Subject: Re: TS-72xxx flash and NetBSD
To: Jesse Off <joff@embeddedarm.com>
From: Francis Dupont <Francis.Dupont@enst-bretagne.fr>
List: tech-embed
Date: 02/05/2005 11:29:53
 In your previous mail you wrote:

   I'm Cc'ing this to the tech-kern@netbsd.org mailing list in order to 
   hopefully solicit a few other expert opinions on the subject.
   
=> I've registered it in order to avoid extra work to its moderator.

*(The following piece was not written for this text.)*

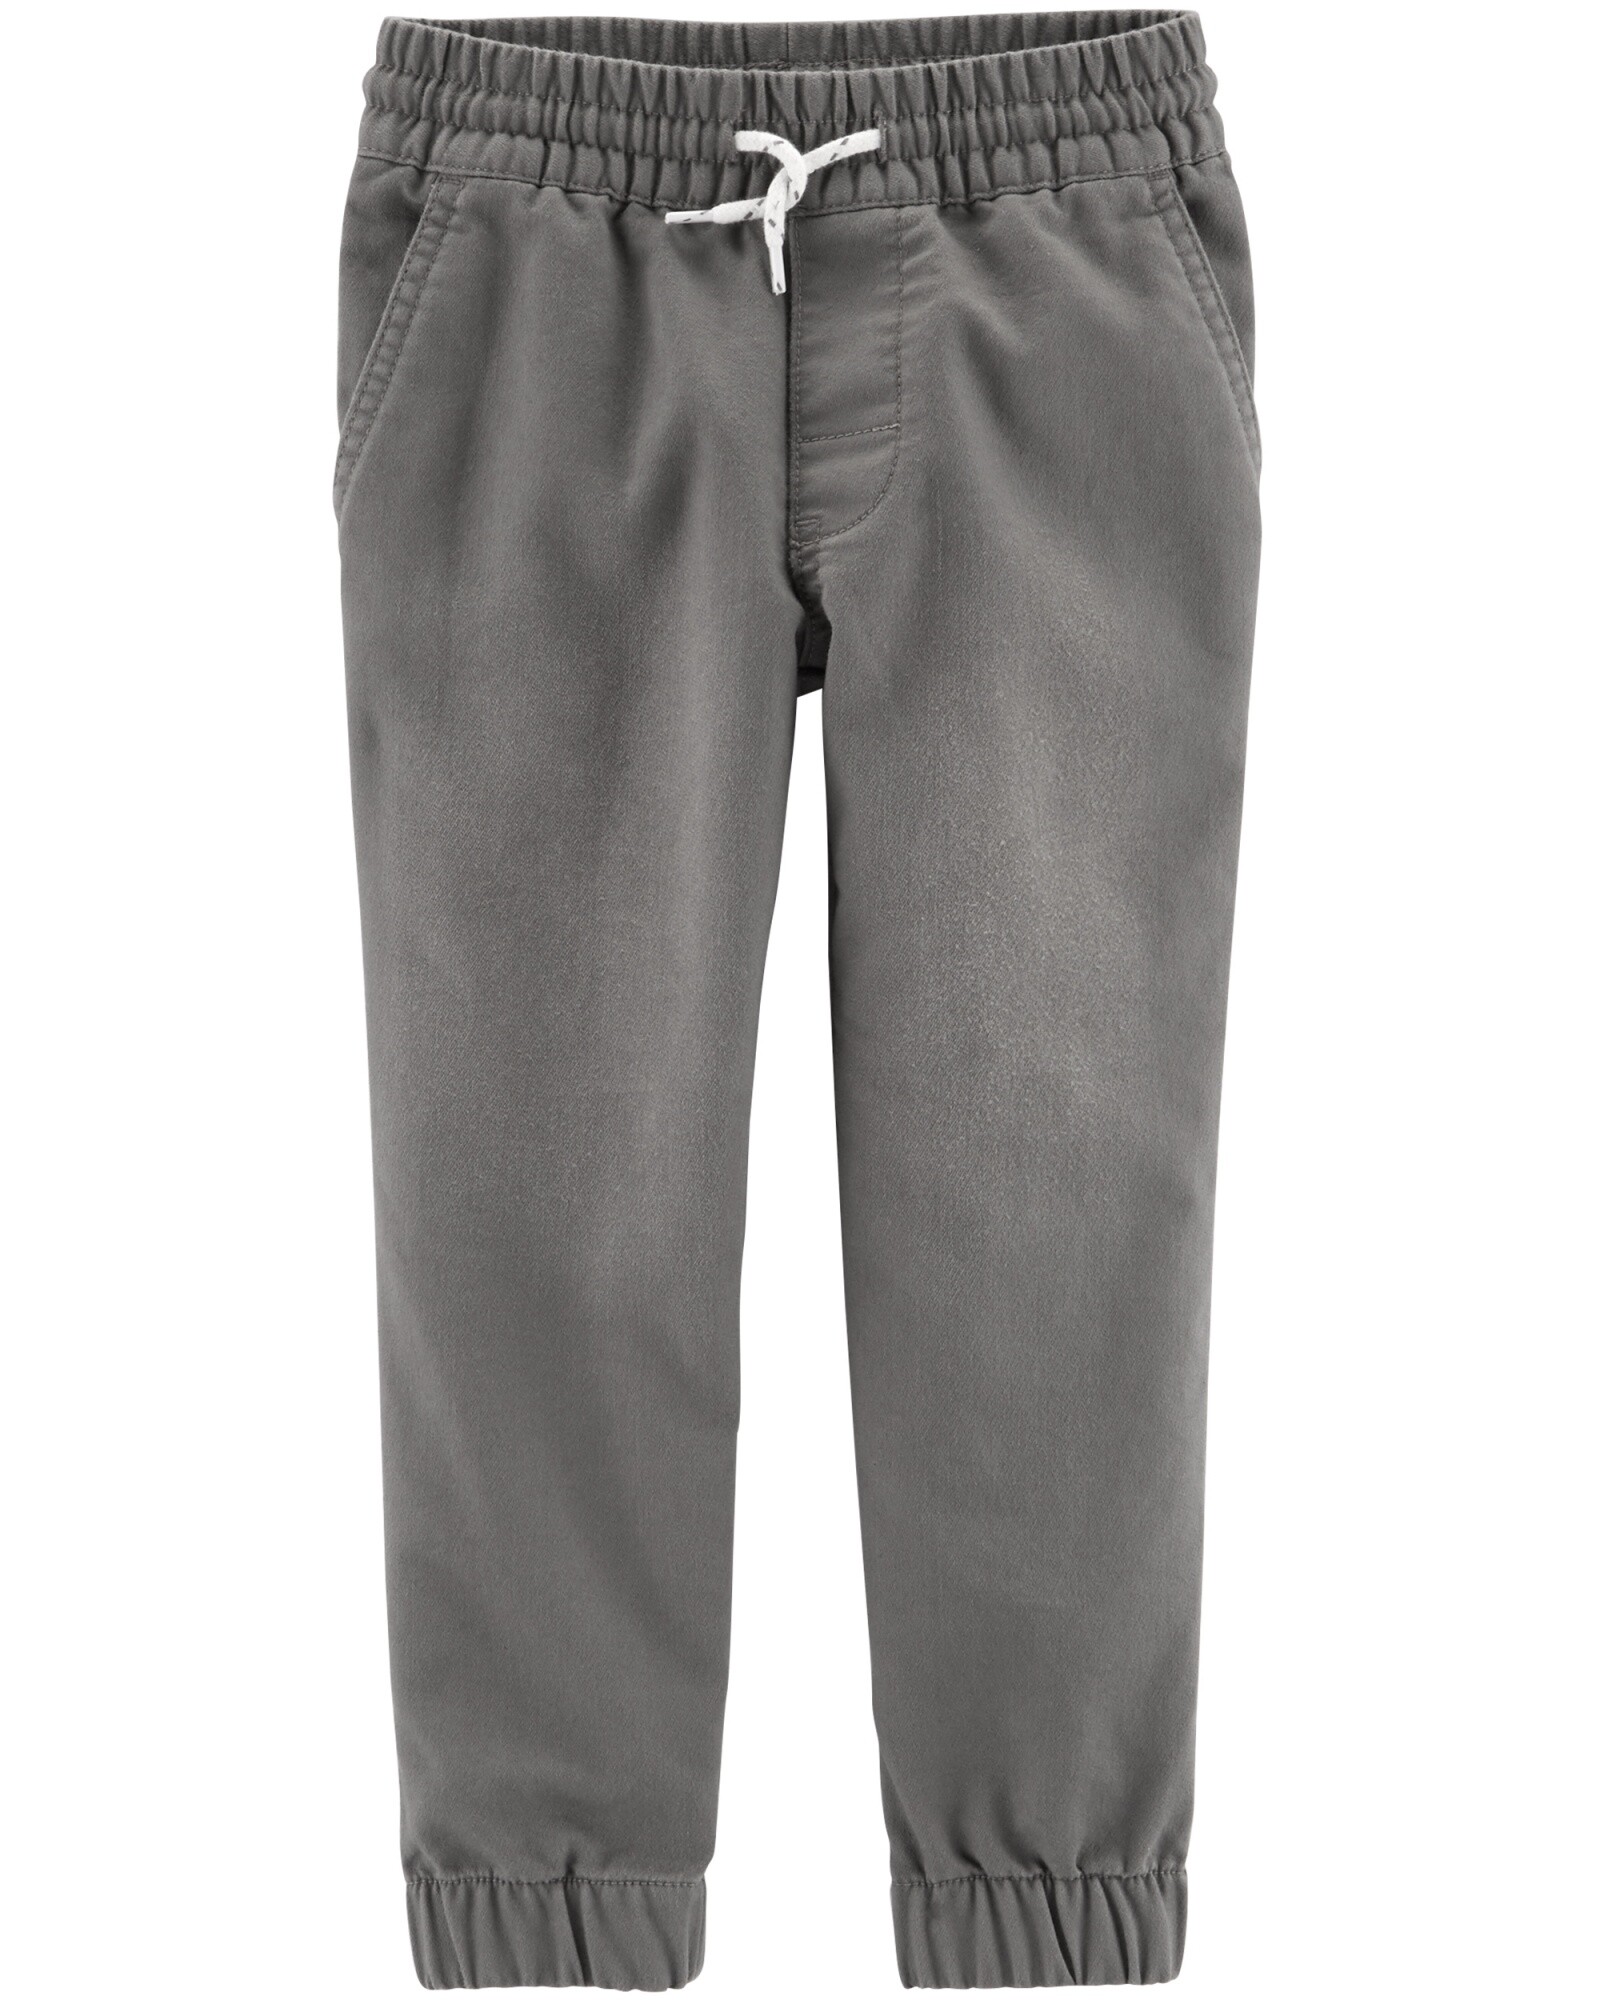 Pantalón deportivo de algodón, gris. Talles 2-5T Sin color

   I haven't implemented anything for the onboard TS72xx flash support
   because the best course of action isn't yet perfectly clear (to me
   anyway).  I know what I'd like to see avoided in an implementation,
   but don't yet have a good plan of action to offer that would avoid all
   the chaos thats currently in Linux in the form of "MTD" drivers and
   special filesystems unique to each type of flash chip (JFFS2, YAFFS,
   YAFFS2, FTL/EXT2, NFTL/EXT2, etc).  There are certain things unique
   about using direct mapped NAND/NOR flash (as opposed to something like
   CF, or USB flash which has an onboard controller), but a completely
   new filesystem (and one also for each type and variant of chip) seems
   a bit overkill.  Some ideas:
   
   * Come up with some sort of "unreliable/quirky block device" layer

=> I believe we need at least this in order to be able to use dd to
read and write the flash. BTW sys/arch/hpcmips/vr has a CIF driver.

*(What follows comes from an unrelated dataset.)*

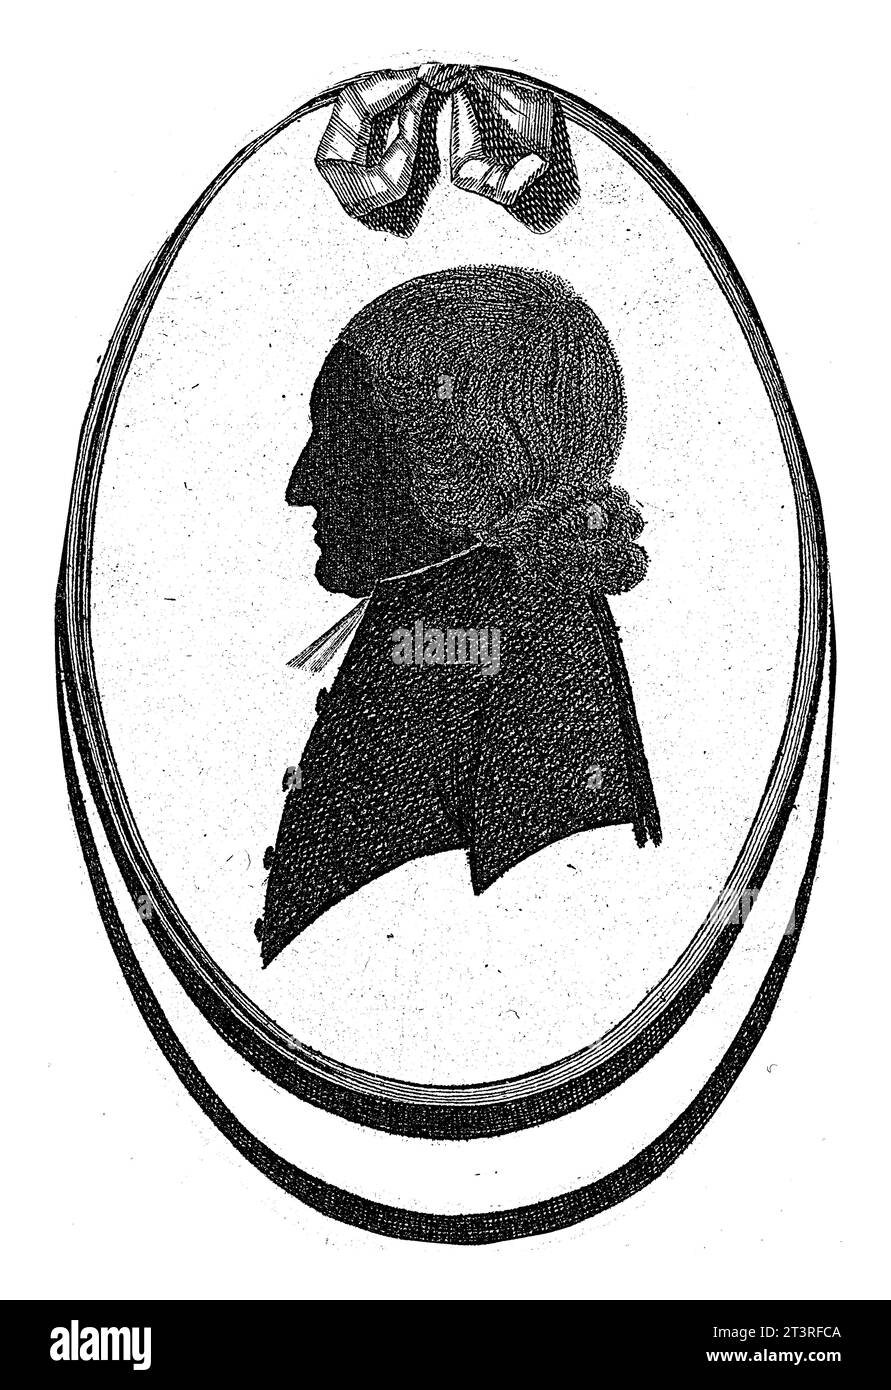 Portrait silhouette de Gijsbert Weijer Jan Bonnet, Govert Kitsen, 1776 - 1810 Portrait buste de profil à gauche de Gijsbert Weijer Jan Bonnet. Banque D'Images

   that can be used to implement the same sort of internal logic
   already present in devices like CompactFlash and hard drives such that
   a regular FFS filesystem could be placed on it.  Devices (512B NAND,
   NOR, 2KB NAND) simply register some generic block device access
   functions and their quirks with this layer, and then a regular FFS
   filesystem could be placed on the "de-quirked" block device.  The
   de-quirking driver has all the intelligence of filesystem agnostic
   wear-leveling, ECC generation/checking, and bad block management (by
   reserving a driver-defined percentage of blocks)
   
=> IMHO a bad144 like bad block management should be enough and its
main drawback (add head movements) does not exist on flashes (:-).

   * Perhaps 1) extend ffs's block allocation policy to be random within free 
   space, (with preference to a sector already erased or in an area already 
   marked for erase/rewrite) 2) force block rewrites to go through a block 
   reallocation instead of using the same block, 3) rate-limit/aggressively 
   buffer FS metadata (inode, block bitmap, etc) writes.

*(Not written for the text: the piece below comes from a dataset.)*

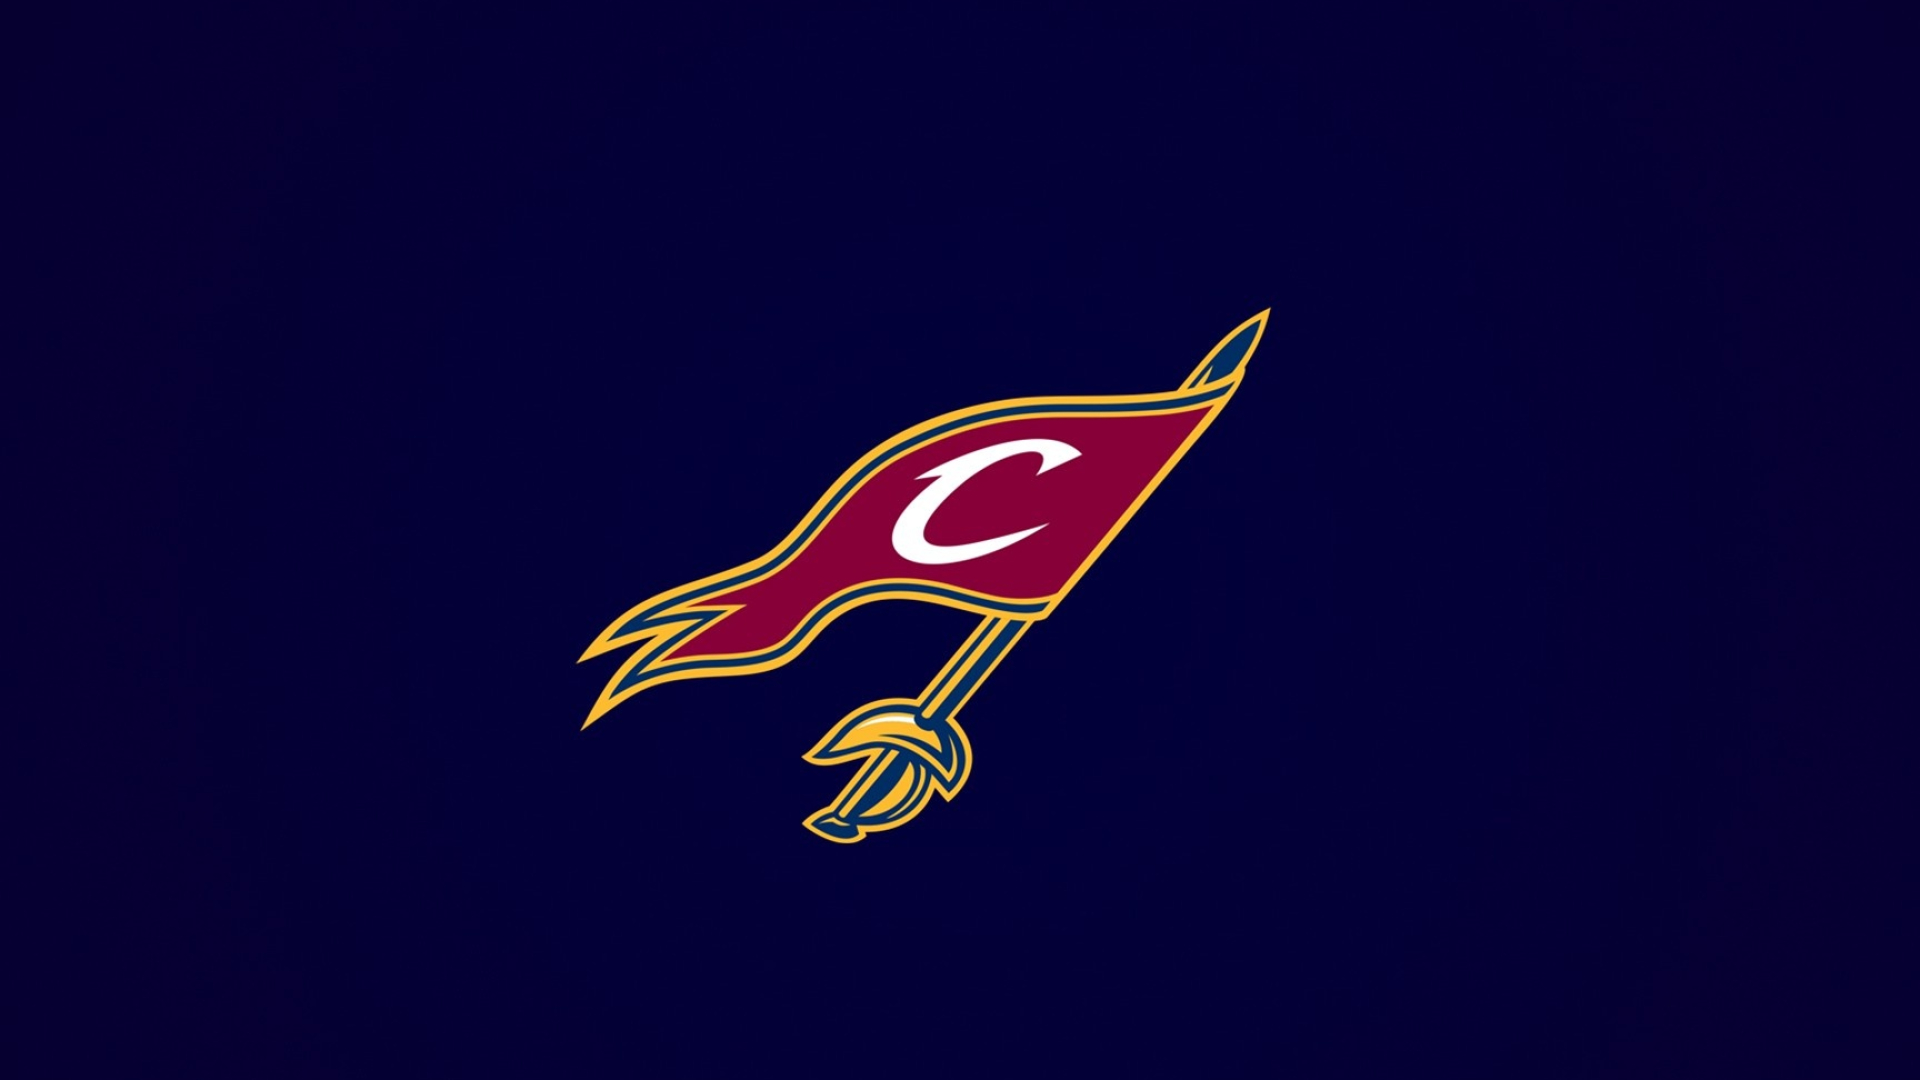 Cleveland Cavaliers: The team had their second 57-win season in 1991–92 NBA season. 1920x1080 Full HD Wallpaper.

=> for 3 softupdates should help. But I believe there are another solutions
than to rewrite a file-system.

   This would still have issue w/NAND for bad block management,

=> again a bad144 like in lower part of the driver?

   and having to erase/rewrite an entire erase block at a time would
   expose ourselves to potential major data-lossage on crashes.

=> I have an idea here: modify a disk mirroring code in order to rewrite
a block only on the other part. It costs half the disk but is very simple
and metadata is just a small bit table.

   The more I think about this one, the more it seems it won't work.

=> unreliable media are not so new. IMHO there are proved solutions
and some of them should be simple enough to consider them.
   
   * LFS would be a good place to start...
   
   * Maybe do something by using something like fss with mfs and periodically 
   writing out/commiting changes to the real FFS.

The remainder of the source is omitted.